Вы здесь
Россия как экономический таракан
Когда 17 июля над Восточной Украиной был сбит рейс MH17 Malaysia Airlines, Соединенные Штаты и ЕС ввели новые, более широкие санкции. Путин в ответ увеличил активность на украинском направлении. Вместо того, чтобы дистанцироваться от сепаратистов, Москва выступила в их поддержку. Она снабжает их оружием, прикрывает их дипломатически и приказывает российским войскам обстреливать украинские силы через границу. Хотя Путину дали возможность отказаться от политики, которая стоит ему все дороже и дороже, он решил пойти на эскалацию.
Поступая так, он гарантирует своей стране изоляцию и экономические трудности. Президент США Барак Обама заметил на прошлой неделе, что Путин ведет себя нерационально. «Объективно говоря, президенту Путину следовало бы стремиться к дипломатическому урегулированию конфликта и снятию санкций», — заявил он. По его словам, Путин и его окружение «игнорируют собственные долгосрочные интересы», и это ограничивает эффект, которого способны достичь Соединенные Штаты.

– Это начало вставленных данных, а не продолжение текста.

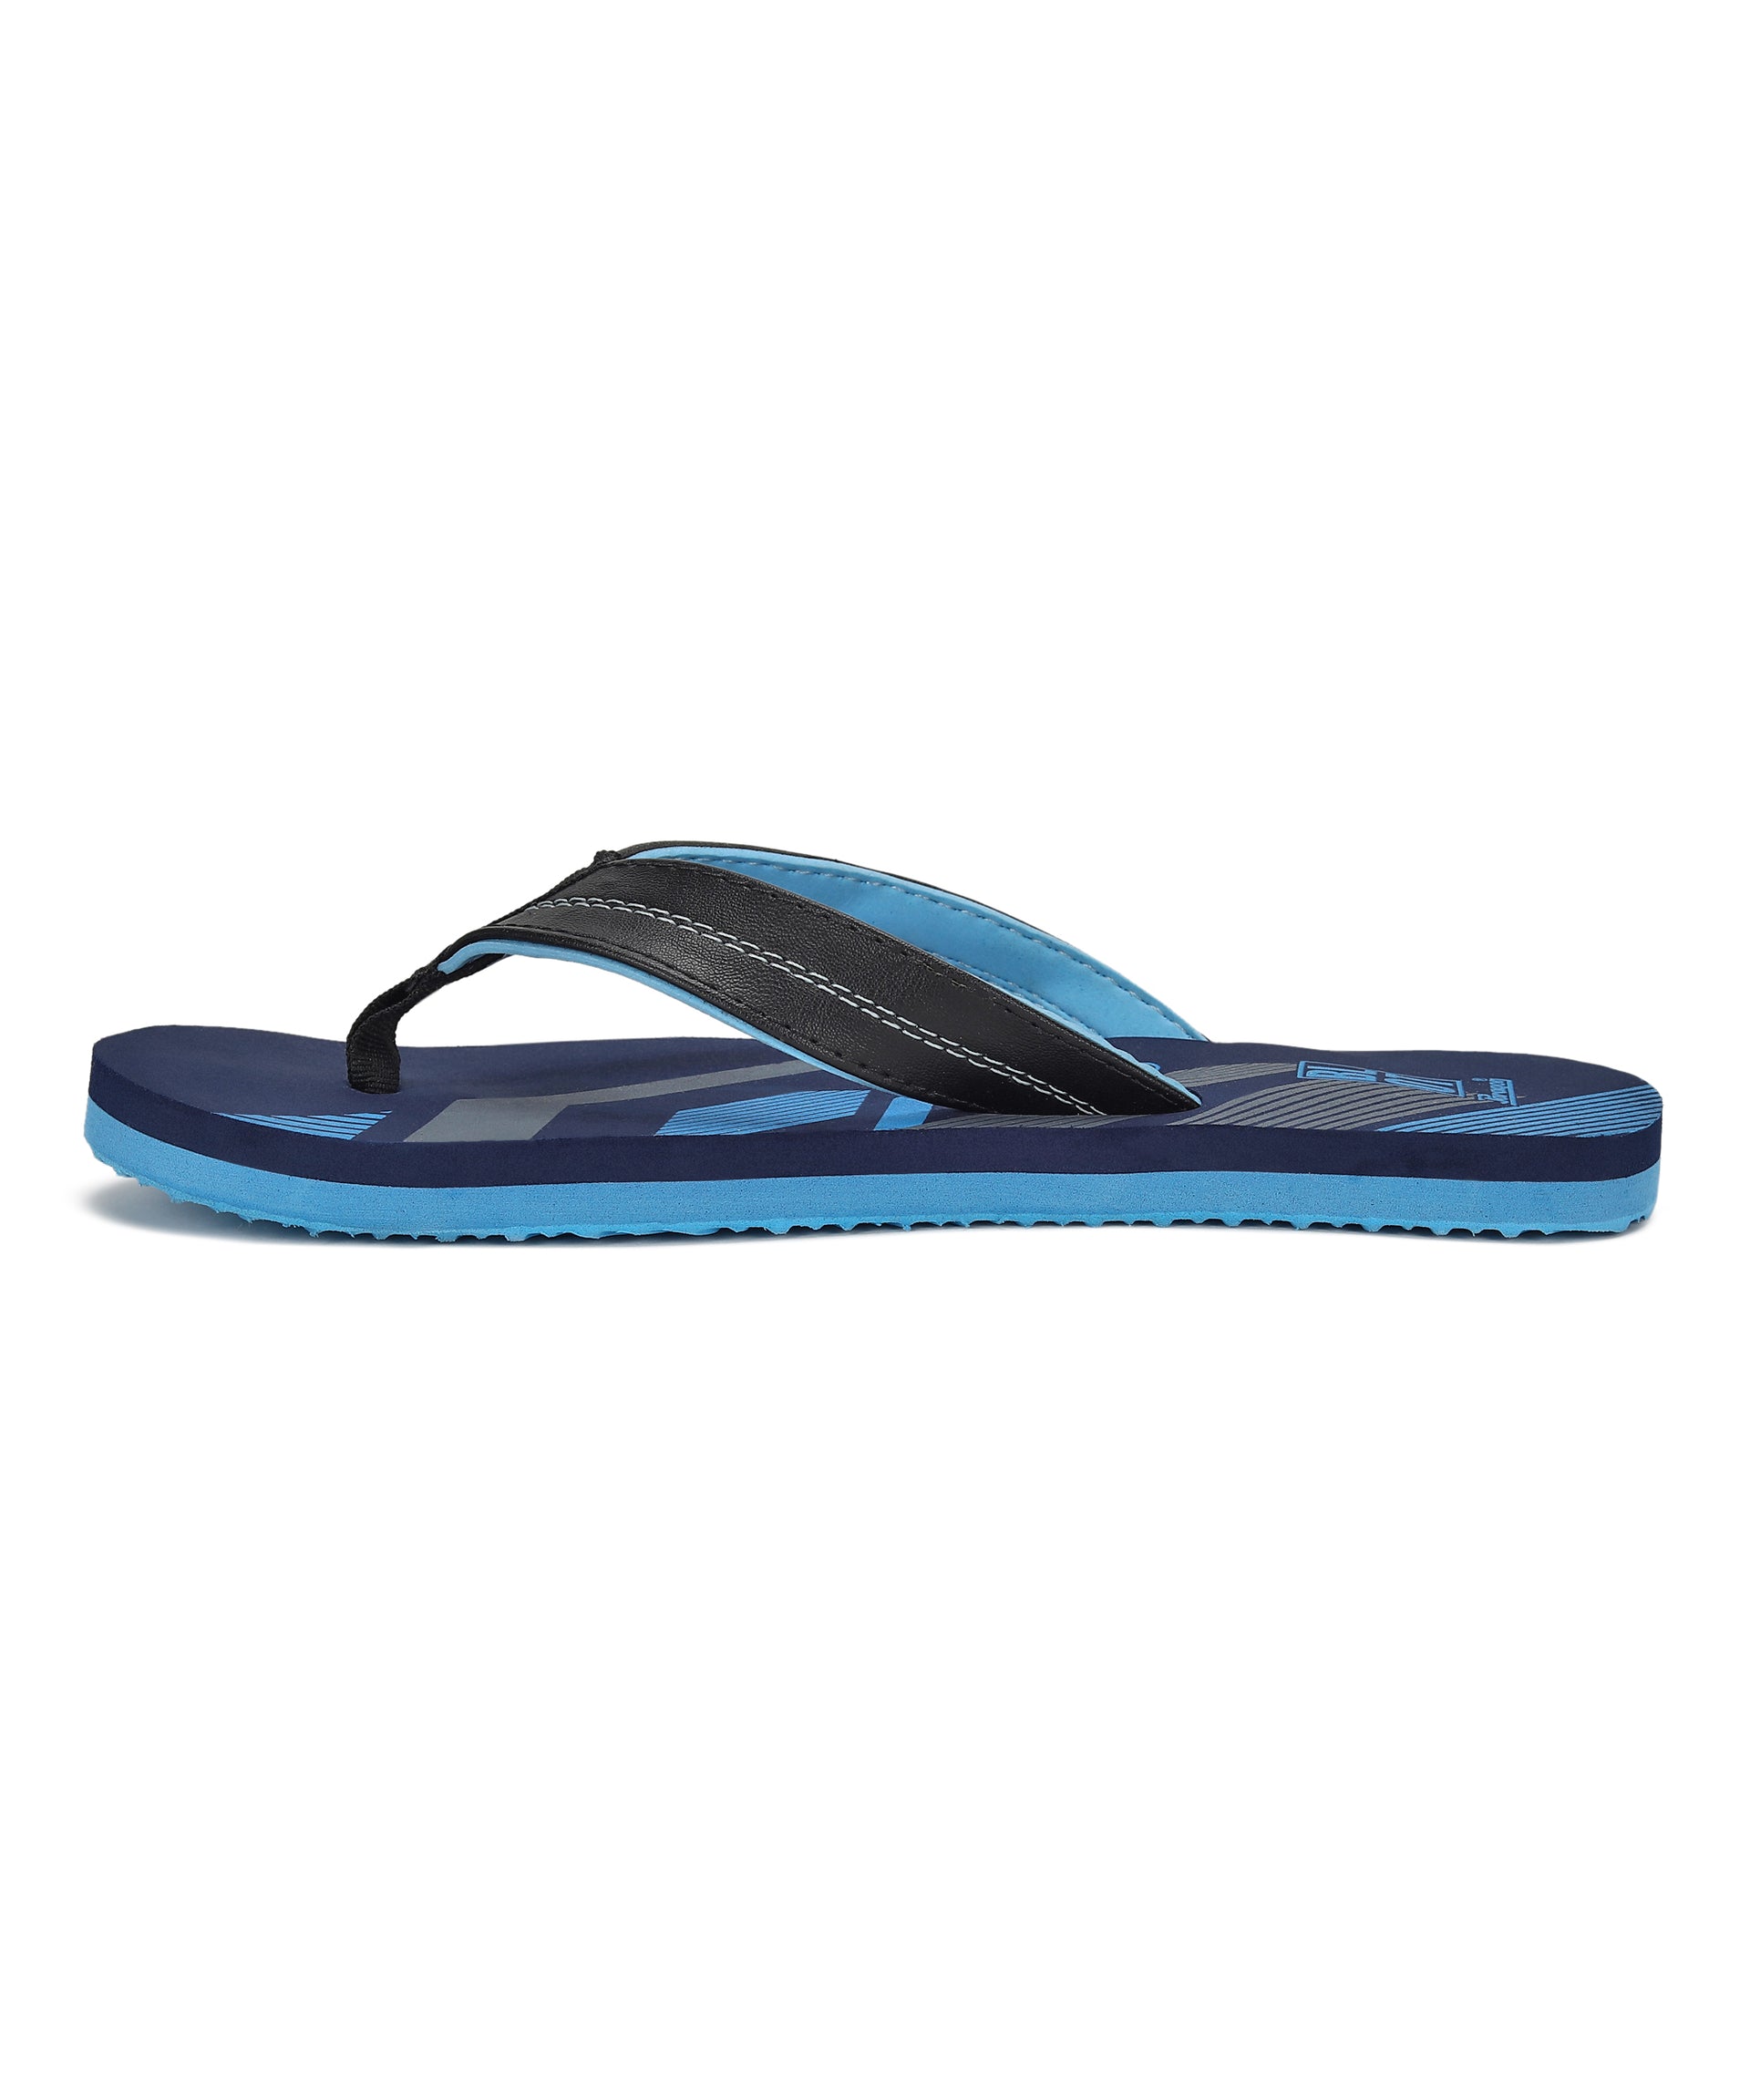 Paragon Blot K3306G Men Stylish Lightweight Flipflops | Casual &amp; Comfortable Daily-wear Slippers for Indoor &amp; Outdoor | For Everyday Use

Однако при взгляде из Москвы эти интересы выглядят совсем иначе, чем при взгляде из Вашингтона. Возможно, Путин и его советники — циники, но в своем цинизме они честны. По их мнению, Запад — и в особенности Соединенные Штаты - не прекращают попытки ослабить и раздробить Россию. Украина для них стала красной чертой. Подозрительное отношение Путина к Западу, недовольство сложившимся после холодной войны миропорядком и боязнь, что Украина изберет прозападный курс, в сочетании порождают мощный коктейль из обиды и паранойи. Единственное спасение Путин видит в «суверенитете», который, как заявил Путин своему Совету безопасности, «размывается» из-за «ультиматумов и санкций». С точки зрения Путина, именно этот «суверенитет» упустил Горбачев, что и привело к распаду государства. Путин твердо намерен избежать такого исхода.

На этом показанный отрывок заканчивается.